### Source data
───
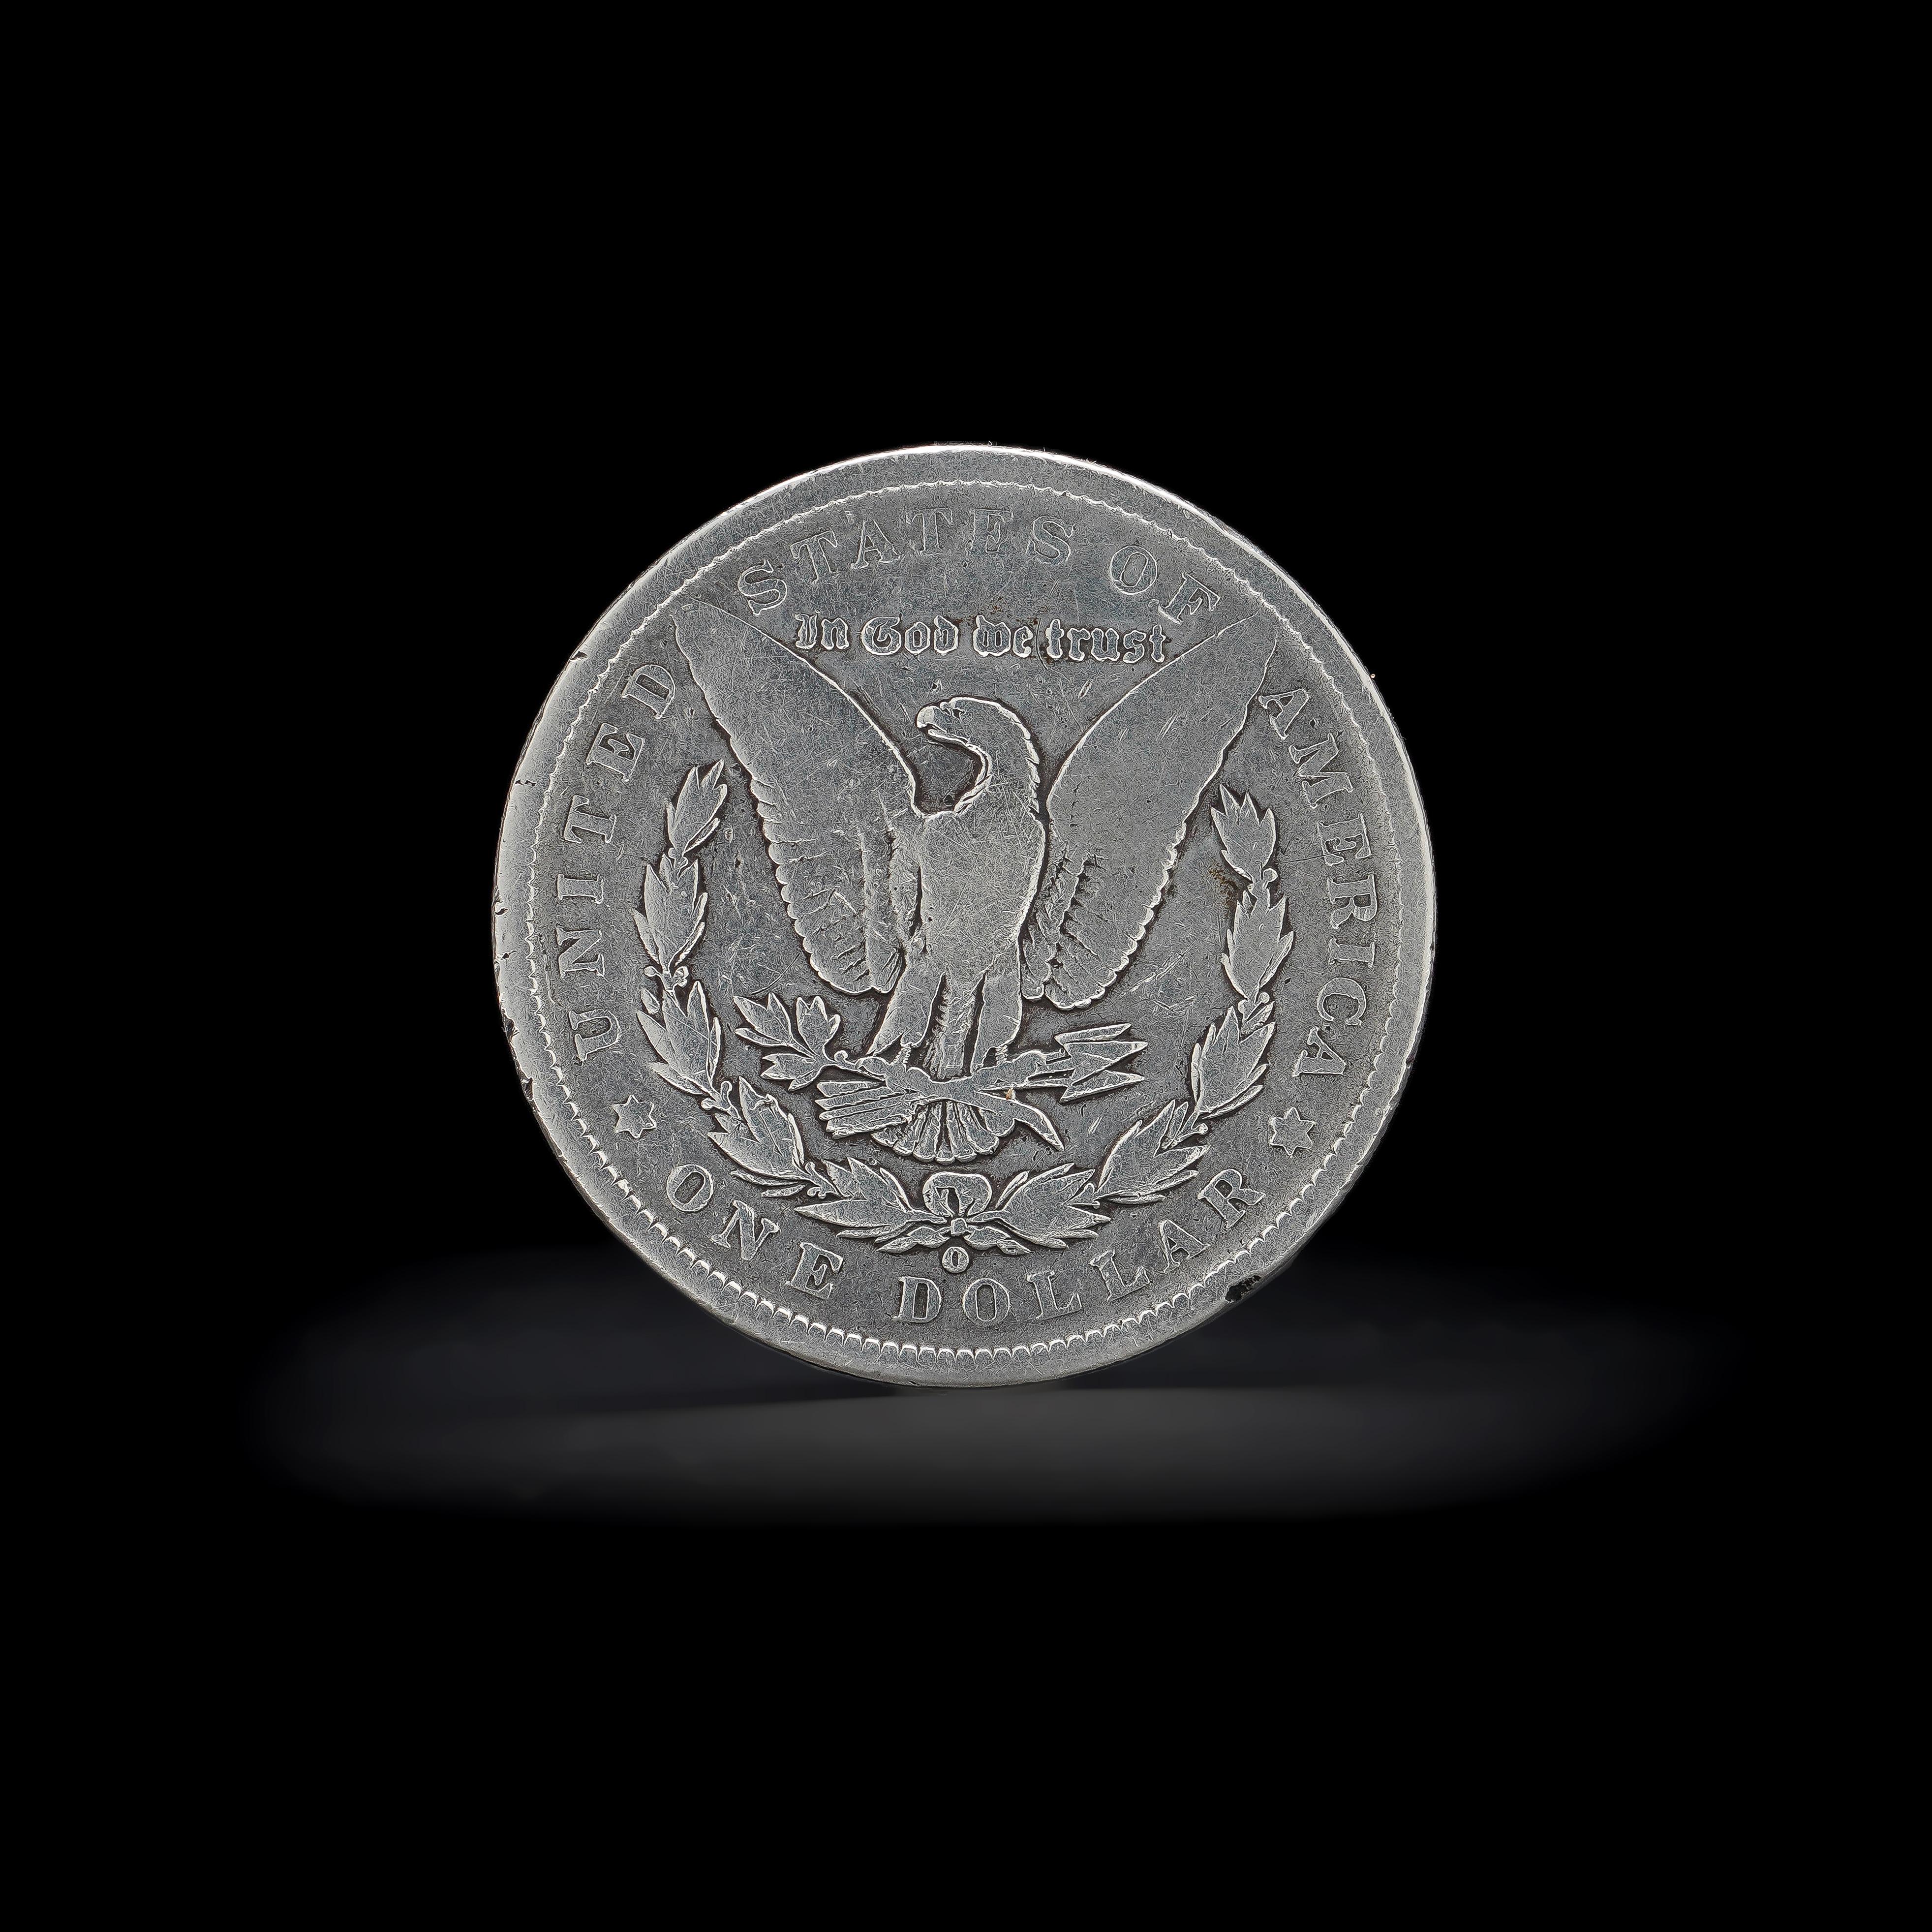 Antiker 1891 O Morgan Dollar.
Feingehalt Silber: 900/1000
Hergestellt in den USA, 1891
Münze: New Orleans
Wird mit einem Reinheitszertifikat für Silber geliefert.  

1878 ist das erste Jahr der beliebten Morgan-Dollar-Serie. 

Der Morgan Dollar ist
───
### Work task
From the line holding "Wird mit einem" down to the final line above, quote every line exactly and only those lines.

### Finished task
Wird mit einem Reinheitszertifikat für Silber geliefert.  

1878 ist das erste Jahr der beliebten Morgan-Dollar-Serie. 

Der Morgan Dollar ist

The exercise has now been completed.